Each year, the U.S. government invests hundreds of millions of dollars in research and development initiatives, impacting virtually all industry sectors of the U.S. economy. Most of that investment is funded by the Department of Defense (DOD), National Institutes of Health, Department of Energy and other agencies through grants, cooperative agreements and procurement contracts awarded to companies, universities, hospitals and nonprofit entities (collectively, recipients). In turn, recipients rely on the technical resources of other market participants, such as subcontractors, consultants and vendors, as well as hospitals and laboratories, to provide manufacturing, research, clinical studies, support and fill/finish operations, among other things.
Regardless of the specific form of funding agreement, any time the U.S. government underwrites all or part of the cost of R&D, there are many conditions that attach to the award and performance of the agreement, and recipients learn early on that they are subject to a plethora of compliance requirements. They also learn that they are required by the terms of their funding agreements to flow-down much of that compliance burden to their subcontractors. In turn, however, subcontractors are often surprised to learn during performance that they have accepted or are otherwise subject to many of the same federal compliance requirements imposed on the original funding recipient.
Companies that are most often involved in commercially funded medical research activities are especially at risk of hidden compliance requirements when they are involved, to a lesser extent, in federally funded research activities. And for those subcontractors that are not located in the United States, the compliance analysis can be further complicated, depending on where their work is actually performed (in the United States, at a government facility located overseas or at a nongovernmental overseas facility). The longer performance progresses without subcontractor awareness of their compliance obligations, the greater the risk that the subcontractor will not be able to cure any material noncompliance, which could have a significant adverse impact on their entitlement to payment.
Each federal funding agreement includes myriad clauses dealing with such things as intellectual property (invention disclosures and title elections, patent and licensing obligations, data rights); cost accounting (allowable costs, audit rights, close-out obligations); cybersecurity and data privacy; subcontracting; property acquisition and management; and many others. Procurement contracts will be subject to the Federal Acquisition Regulation (FAR) and, depending on the funding agency, may also be subject to the DOD FAR Supplement (DFARS) or other agency supplements to the FAR.
Grants and cooperative agreements that are categorized as “non-procurement” agreements will be subject to agency-specific rules, regulations and contract clauses applicable to those types of agreements.

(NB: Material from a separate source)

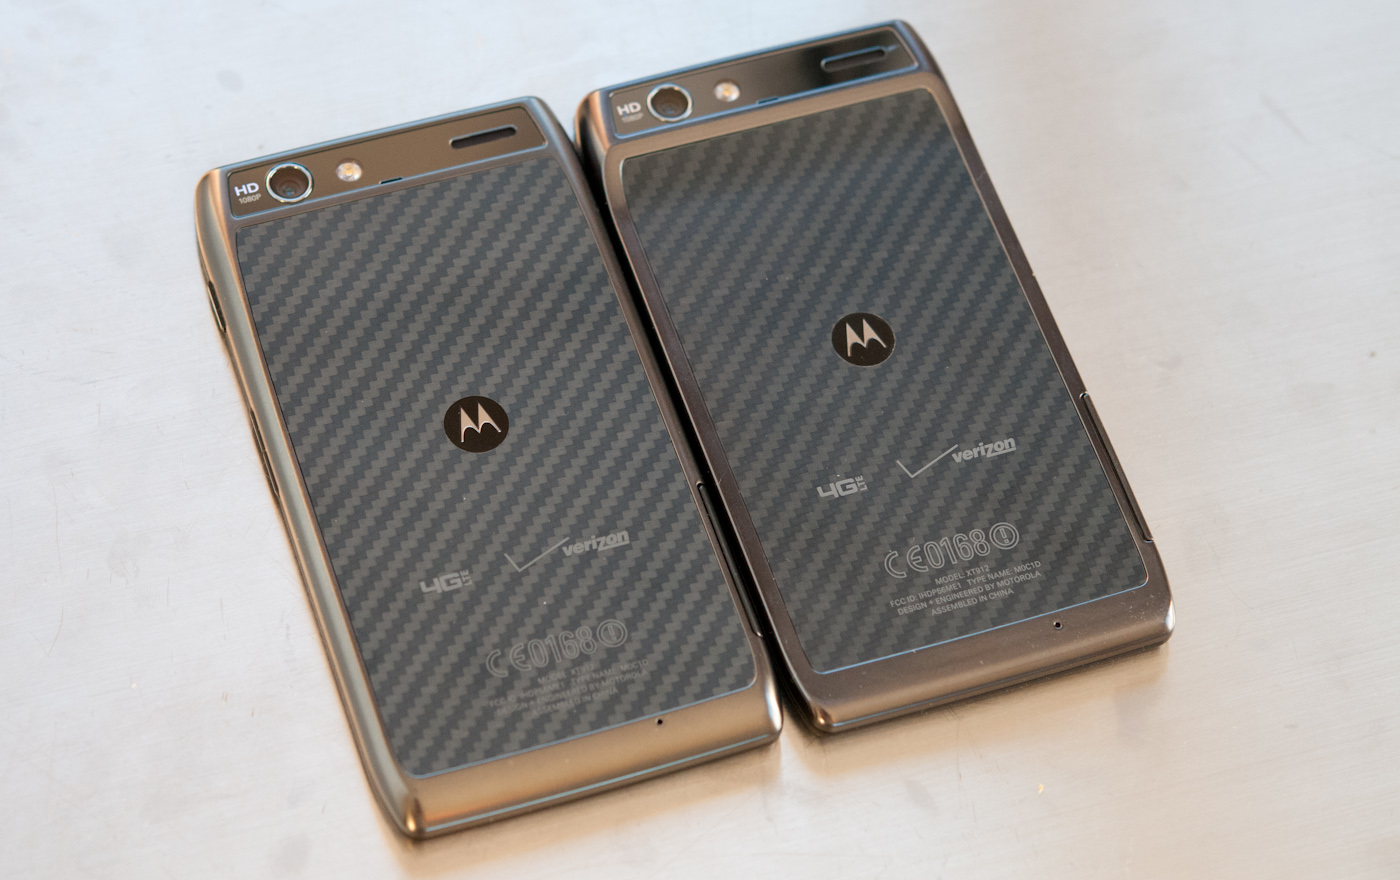 Motorola Droid RAZR MAXX Review - 1.8x The Battery

Many of these requirements may be embedded in an easy-to-overlook hyperlink tucked into the award document. When subcontractors agree to comply with all applicable federal, state and local laws — a seemingly innocuous provision — they may be signing up to a federal compliance burden that they are ill-prepared to take on.

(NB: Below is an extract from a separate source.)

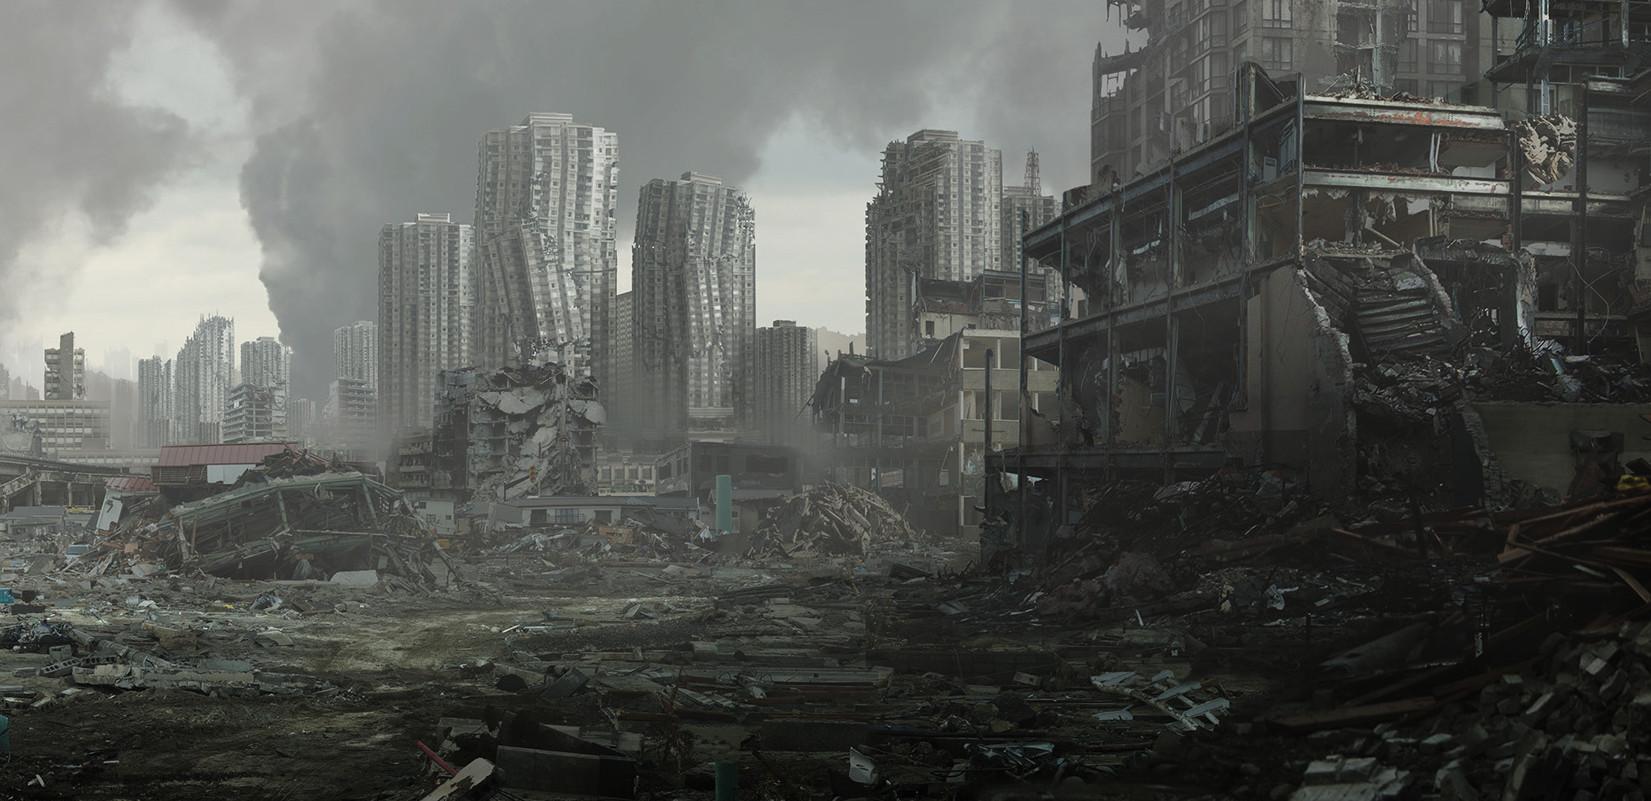 David Edwards City Of Silence 001

One straightforward and reliable approach to identifying these potentially hidden compliance risks is to ask your customer who their customer is or who the ultimate customer is — and who is ultimately funding your proposed activities. If the federal government is funding any part of the project, it is a virtual certainty that the recipient will be subject to regulatory compliance under the terms of the funding agreement and will be required to flow-down to its lower-tier recipients and subcontractors much of that same compliance burden. From the outset, it is highly advisable to know — before you sign your agreement — who is in the chain of customers and who is ultimately paying for the project.